A fake Syrian passport left at the scene of the attack by one of the attackers was all that was needed. A moment of common sense reflection should have suggested that this was a mere ploy to stigmatize innocent refugees who had escaped the grasp of ISIL. The attacker certainly wouldn’t need it where he was going. Moments after the passport emerged, experts and academics took to the media telling us that it would have been uncharacteristic and inefficient for ISIL to smuggle its own through the refugee channels rather than activate an agent already abroad, because as we learned from the Paris attackers, many members of ISIL hold Western passports. Not that this reasoning would have any bearing on those eager to justify their hatred. A fake passport. Almost childish in its simplicity.

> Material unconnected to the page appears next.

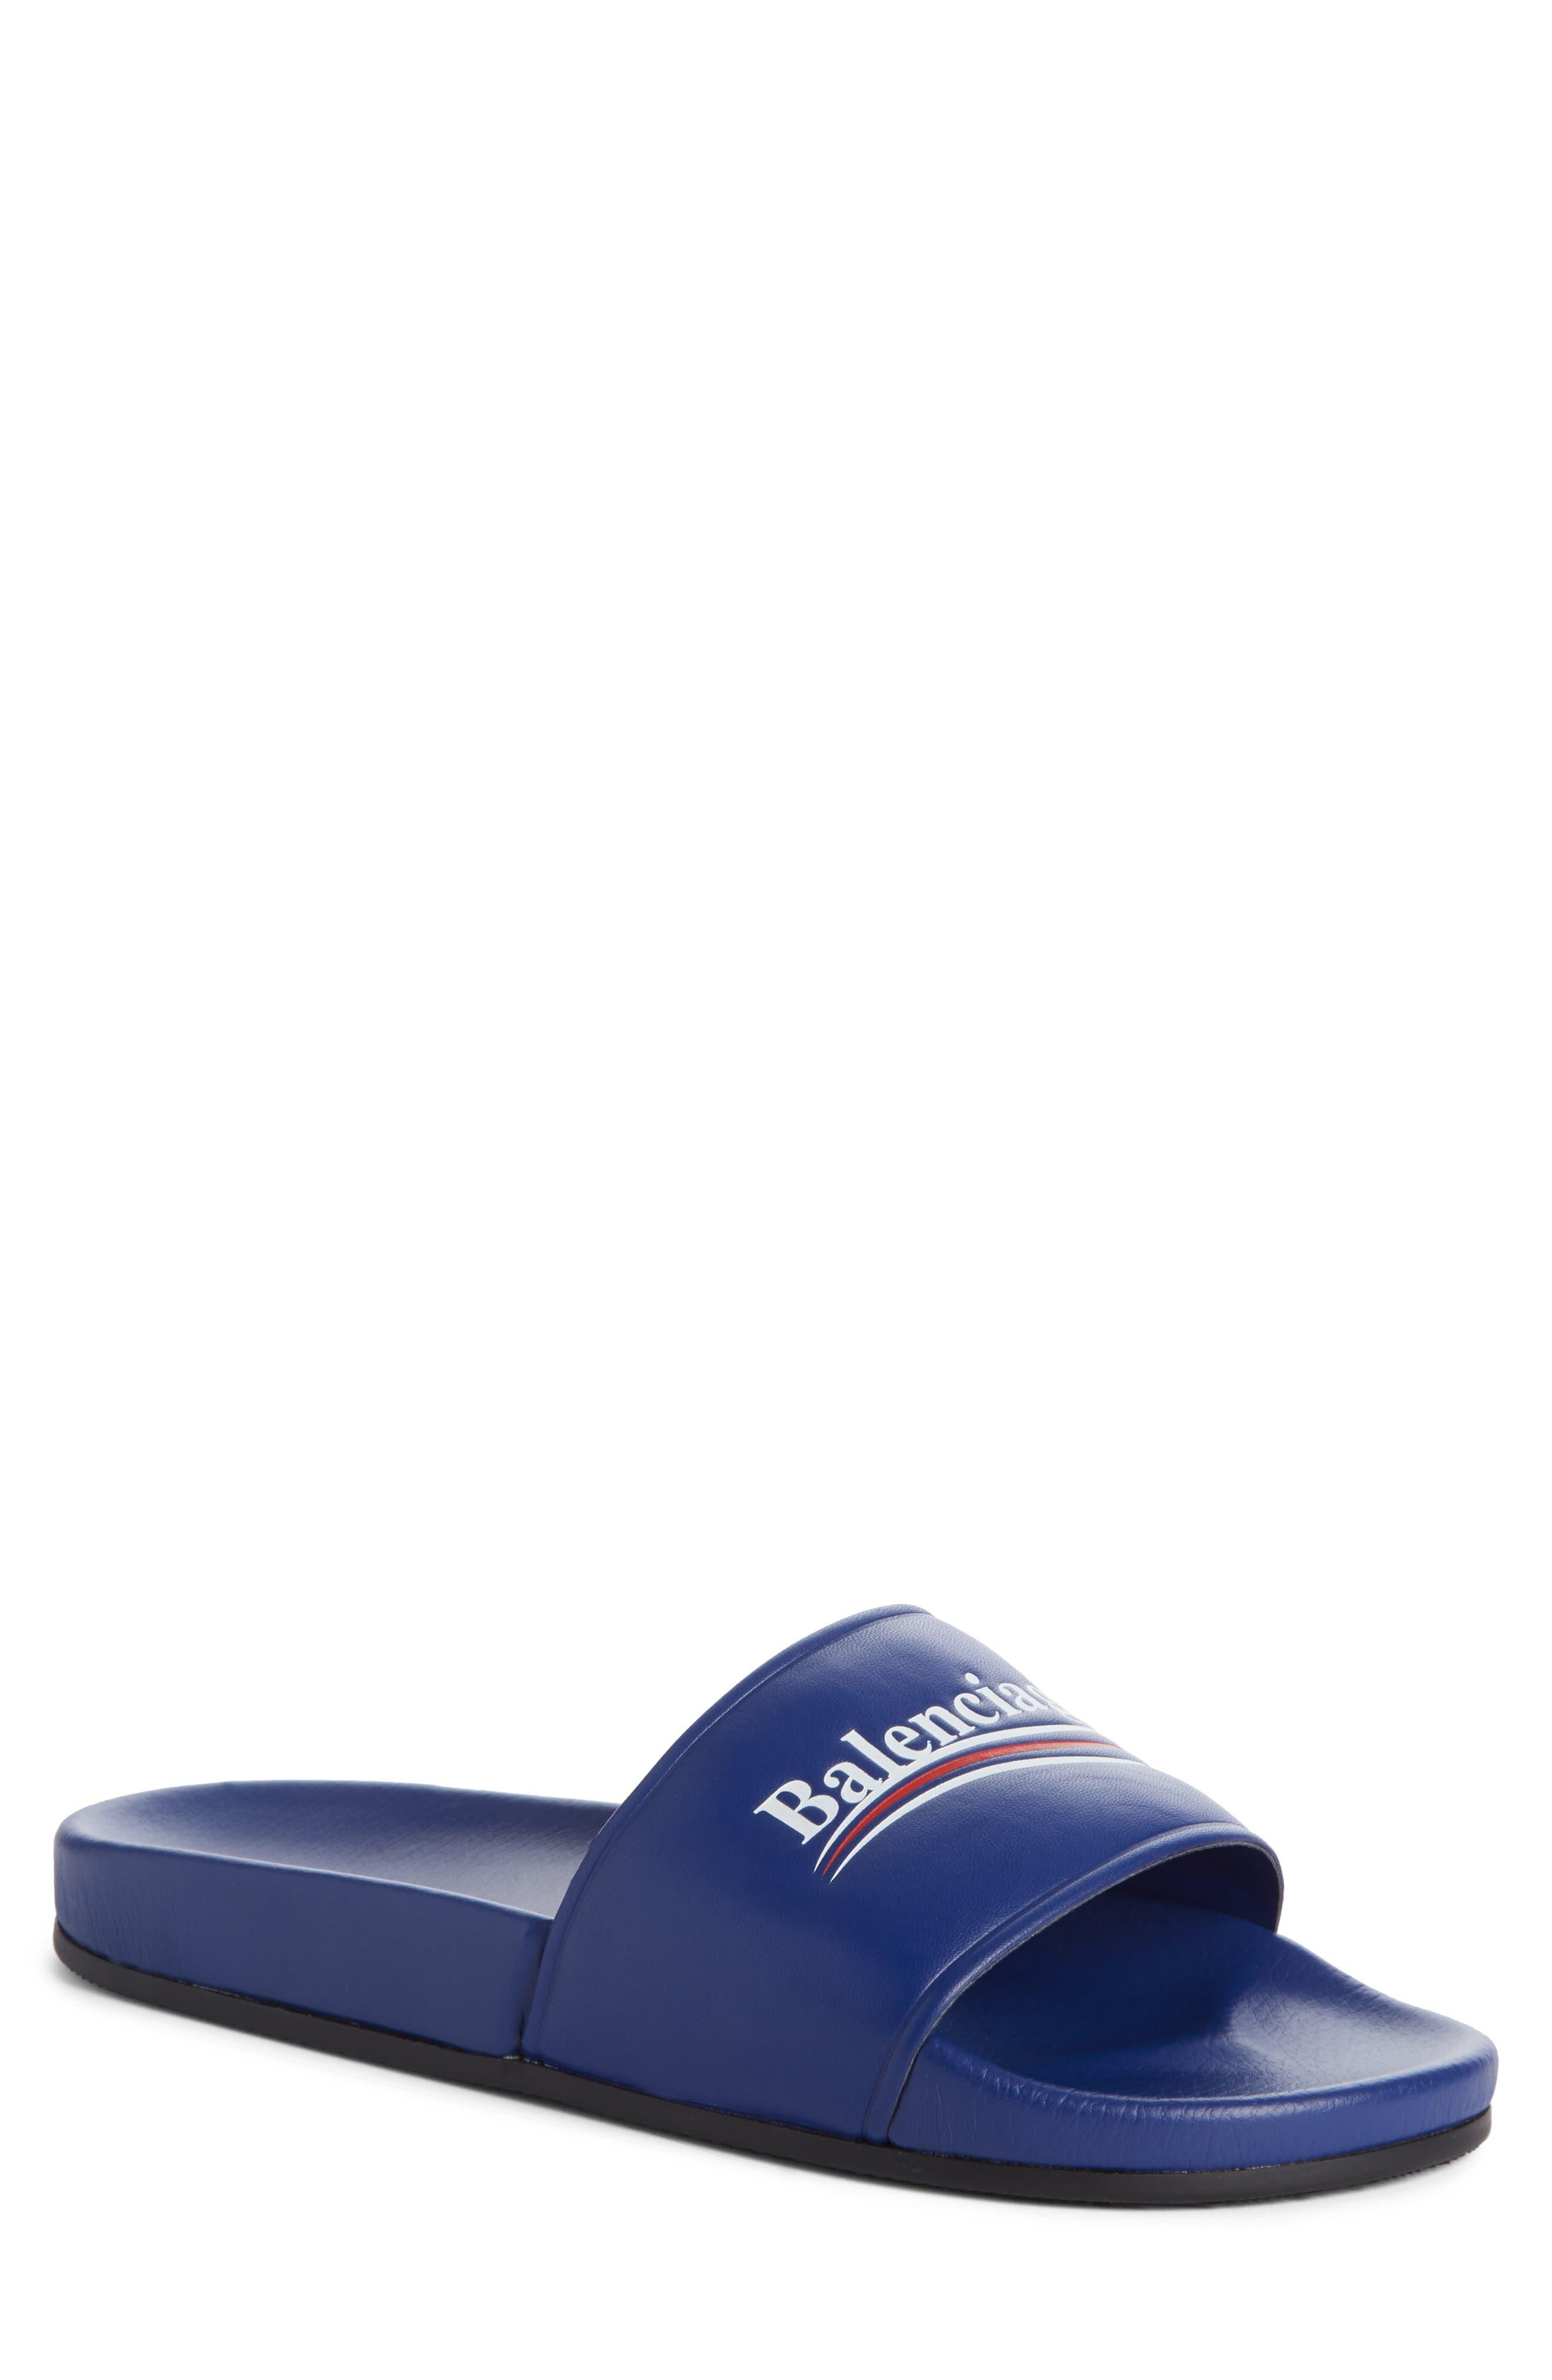 Alternate Image 1 Selected - Balenciaga Retro Logo Slide Sandal (Men)

But they believed it would be enough. These murderers believed that all they needed was to provide the spark. We had prepared the kindling on the hearth. They believed that we would lay the blame at the refugees’ feet in spite of ISIL’s agenda of ethnic cleansing of Shia Muslims. They believed that our assessment of the fault would ignore the fact that 130 innocent Muslim civilians killed at the hands of ISIL in Syria and Iraq is a number that has long been deemed too small to warrant an international headline. They believed that we would be blind to the orphans, the amputees, the families and see only Muslims. That we would equate the term Muslim — the belief system of 1.6 billion people on this earth — with the term terrorist. Our fear and hatred of the “other” is so dependable that they factored it into their strategy so that, once again, innocents will be delivered into the hands of murderers.

The ease with which so many of us surrender the very ideals we purport to be fighting for is chilling. This war against ISIL is a battle for our humanity. And victory begins with self-reflection. It begins with understanding the toxicity within our society. If we fail to recognize and address the hatred and the bigotry within that allows us to become the tools of our worst enemies, we are, in fact, executing our intended role in their operation.

For this one of many reasons, we must open our hearts and our doors to these innocent victims. If we become the slaves of our own reactions, mindlessly firing no matter at whom we direct our scourge, abandoning our humanity, equating the murderers with those they have murdered, then we have become foot soldiers in their holy war and there remains no battle left to fight. We lose this war by allowing the cancer of this hatred to expand until those values we seek to protect become unrecognizable. Until we become unrecognizable.

I listen to the vitriol spouted at Muslims. I read headlines telling me that my fellow citizens have been attacked in our streets, that mosques have been burned. And I find myself on the St. Louis in 1939. I imagine myself holding my seasick shaking child, revoking the promises of a merciful new land, telling her that perhaps this world is not meant for the innocent. I imagine how I would pray to my God for mercy as Canadian authorities redirect us to the Nazi ovens.

One day, when my child will ask me why the Jews were turned away and sent to their deaths, as I asked my own mother, how will I be prepared to answer? How will I ever again utter the words, “Never Again,” if I do not help today?